A Stranger.

Day sixteen: Imagine a job in which  you had to sift through forgotten or lost belongings. I’m back with hopefully more inspiration. So sorry for being late on the Writing 101 posts, I’m catching up now! 


I was going to do a third installment on the how the flood affected my family and I’s life, but I didn’t like the direction it was taking and it started to fizzle out. Surprisingly, day 16’s prompt reminded me of a time where I actually had to sift through someone’s belongings.

Years ago, I used to work for an individual that owned several rental properties around the town I lived in. Due to his lack of time, he often didn’t have time to conduct in depth interviews and background checks of this tennants. Because of this, he was often left with renters that didn’t pay rent on time or trashed his properties. Whenever he had a tenant turnover, it was my job to clean the place to that it would be ready for the new occupant. He had one particular delinquent tenant at his rental close to my own house, and though I don’t know the details, they were more or less forced out of the home from services that took children away from unfit parents.

It was a sad house, when I first arrived. The air was dank. Dishes were still in the sink, food left on the counter. It appeared as though they were forcibly removed from the house in the middle of dinner.  A coffee filter with grounds still in it was left on the edge of the sink and had hardened leaving a circular stain. In the master bedroom, there was a double mattress on the floor, old coke cans everywhere and cigarette butts sprinkled all over the floor. There was a child’s room down the hall, crayon photos taped to the walls. Old stuffed animals with the stuffing coming out. One single bathroom, a spare room filled with anonymous things that didn’t have a place. The basement was worse. An entire room filled from floor to the ceiling with old toys, clothes and camping items. You couldn’t even walk on the floor from all the loose stuff.
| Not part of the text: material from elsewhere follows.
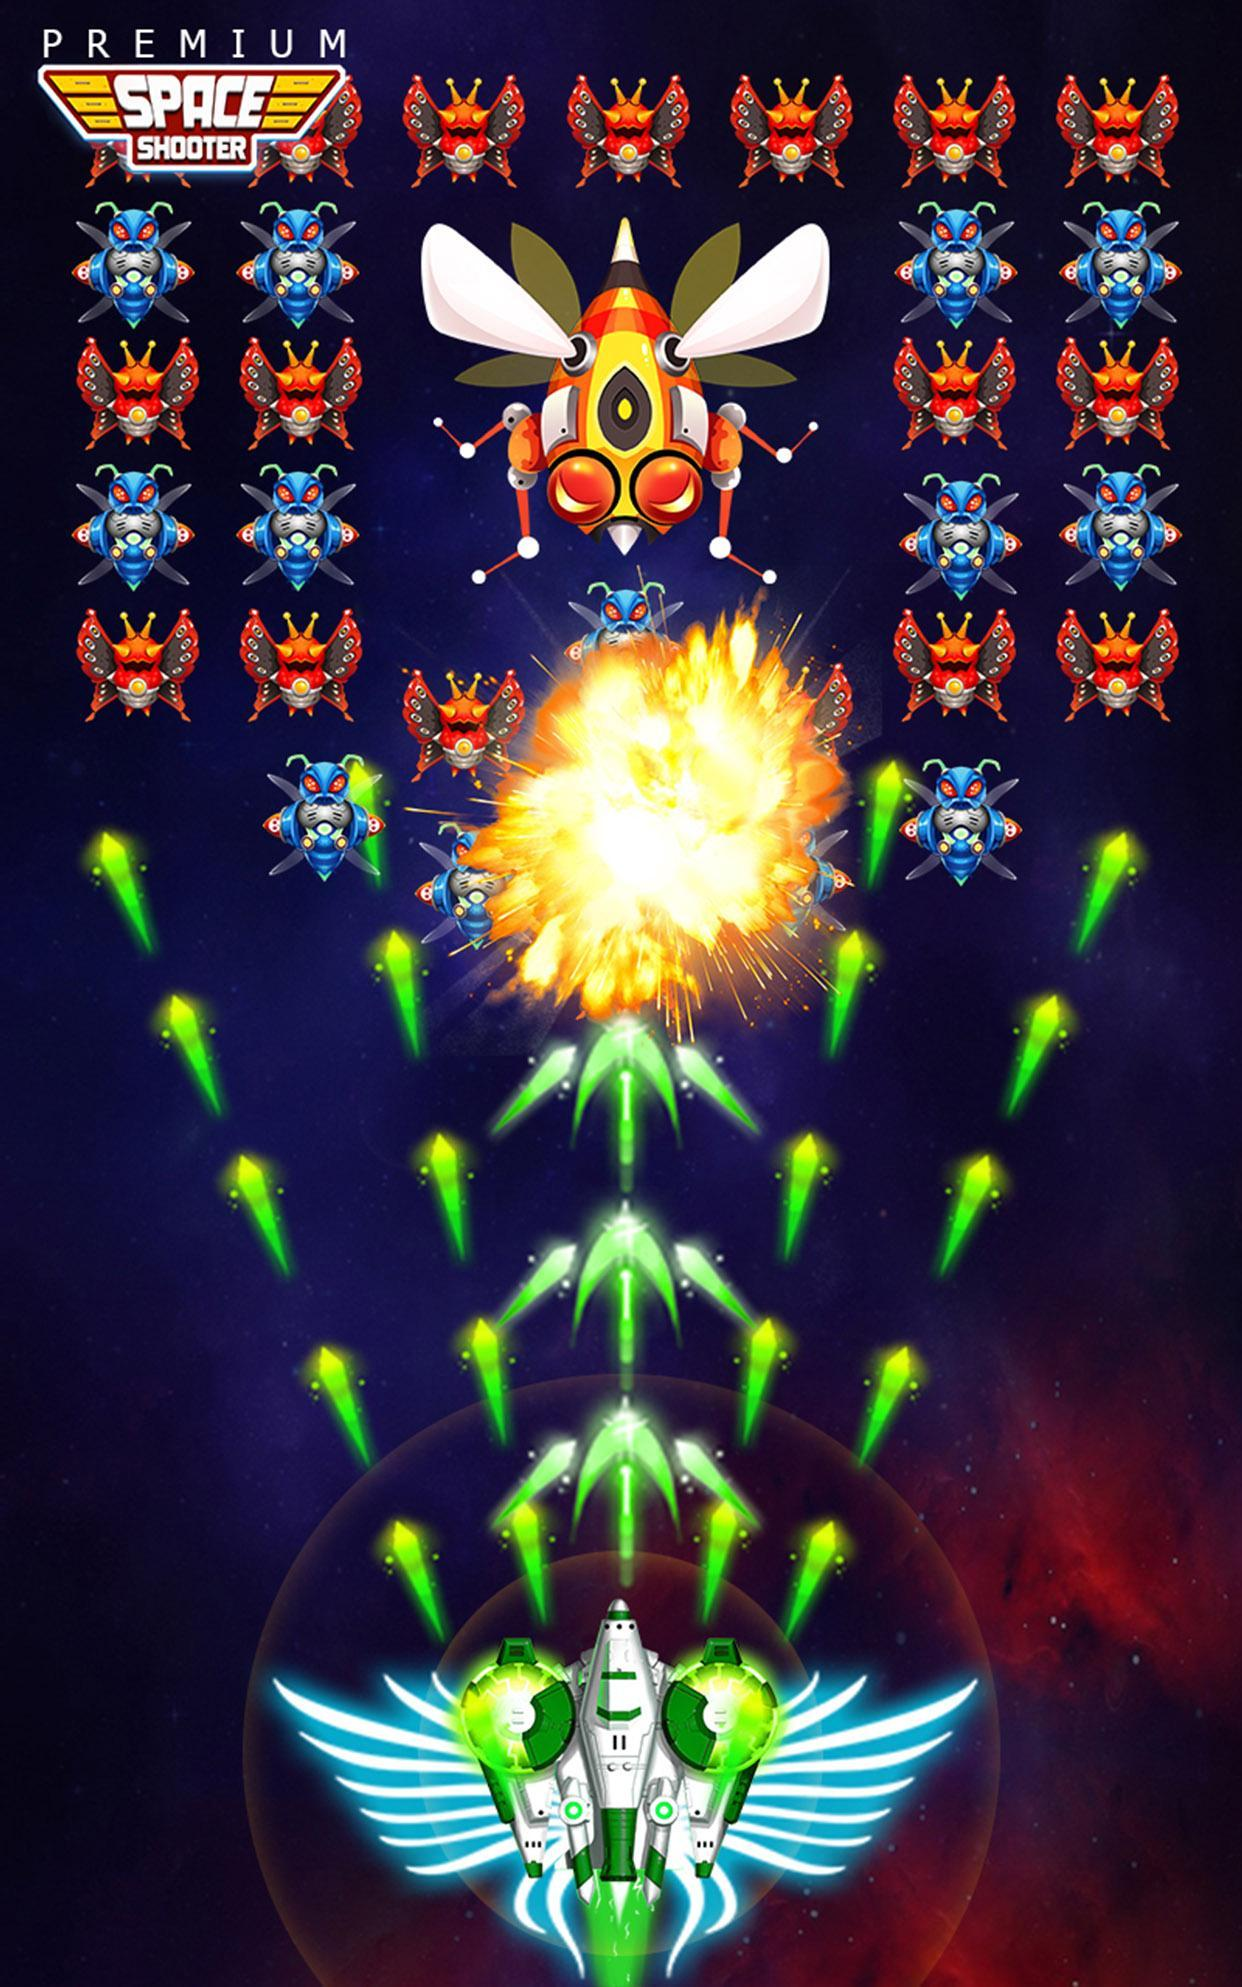 Space Shooter: Alien vs Galaxy Attack (Premium) 1.434 Screenshot 13

The first task was to throw everything away. A dumpster arrived and was placed on the driveway. I spent a full day throwing items into trash bags and hauling them out to the dumpster. I found myself sitting in the middle of the living room floor, going through an entire lives worth of items. Old photos with the corners torn, birth certificate of their child, pay stubs, christmas cards. A family’s entire existence filtering through my fingers and into the trash. From all the paperwork, I deduced where the mother had worked. I wondered what had became of them. Where did they end up? Where was the child? From the room it appeared it was a little boy. Did he hurt? Was he lonely? The questions rattled around my brain and left me nauseous. I set aside a few things I didn’t have the heart to toss. The birth certificate, a couple of photos of the family, a small toy. I kept them, unsure of what I was going to do with them.

The landlord wanted to strip the house and renovate it completely. After dragging all the items, clothes, toys, kitchen appliances into the trash, I was tasked with removing tiles, stripping hardwood and removing cupboards. It didn’t last very long. If anyone knows me, they know I’m not so good with the manual labor. The task of stripping was contracted out to a crew of men, and I was left alone with these few belongings that weren’t mine. They weighed heavy in my hands. What was I to do with them?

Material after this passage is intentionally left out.